Andre Gorz, who asked the question of the limits to growth and the need for degrowth, also wrote about «compensatory consumerism» as a way to resolve the class conflict by trying to overcome the alienation of the working class through the consumption of goods and services. The growth of postwar capitalist economies allowed us to expand the manufacturing and consumption of mass-produced goods and opportunities for leisure, which created the illusion of growing wealth. But the neoliberal economy and the decline of welfare states meant that to maintain this compensatory consumerism, households had to take on debt. Debt, however, is also a problem in itself: it leads to a need for growth because it must be repaid with interest (Gorz, 1989).
The uneven geographical development today has caused the stagnation of climate agreements because they reproduce the existing structural inequalities. Degrowth calls for reducing manufacturing and consumption in the Global North, which will potentially create opportunities for the development of the Global South.
If capitalism requires reinvestment of profit into new industries, degrowth seeks to slow down the circulation of capital, which makes it radically different from contemporary mainstream economic approaches. In response to economic crises, two approaches are proposed: austerity or expanding investment (neo-Keynesian approaches, the modern theory of money). The former seeks to restore growth by increasing the confidence of «markets» that «government» spending will be under control and inflation will remain low. The latter involves pumping the economy up with money through public investment, which will help restore the circulation of capital and stimulate growth. Despite being different in logic, the purpose of both policies is to resume growth (Chertkovskaya et al., 2019). Degrowth also distances itself from neoclassical economics through its integration with unorthodox (non-mainstream) economic approaches, particularly ecological economics and ecofeminism. Ecological economics argues that the economic system is embedded in the social system, which, in turn, is embedded in the ecological system (the environment, the biosphere). The scale of the economy and the way it develops will have consequences not only for society but also for the environment.

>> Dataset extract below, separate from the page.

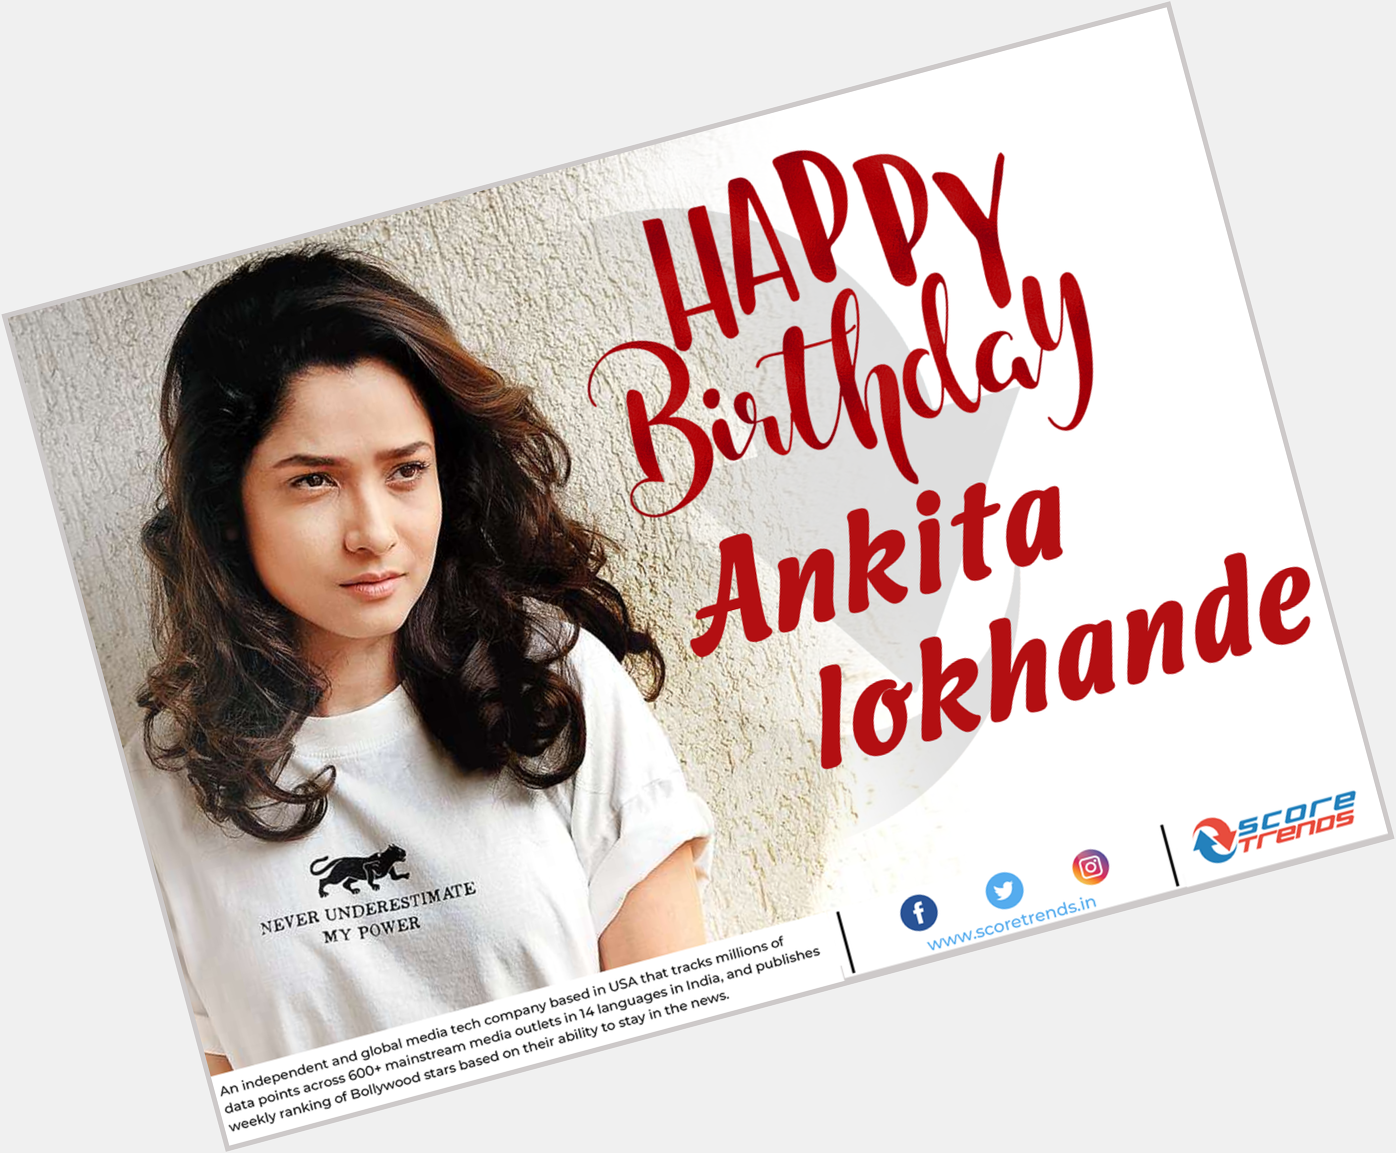 Score Trends wishes Ankita Lokhande a Happy Birthday!!

Feminist critique is based on the premise that economic growth under capitalism is unfair because it is supported and subsidized by invisible reproductive labor, which is usually gendered. Although growth is unfair and unsustainable, it has support specifically because, under capitalism, it benefits those in power, and its negative consequences can be shifted to make the marginalized bear them (Garcia et at., 2017).
As Max Koch writes, «Within the framework of the capitalist mode of production and, more particularly, the current finance-driven accumulation regime and its consumption norm, and on the basis of the current mode of environmental regulation and energy regime, the type of changes in production and consumption processes that scientists regard as necessary to mitigate [climate change] will be impossible to achieve» (Koch, 2015: 447).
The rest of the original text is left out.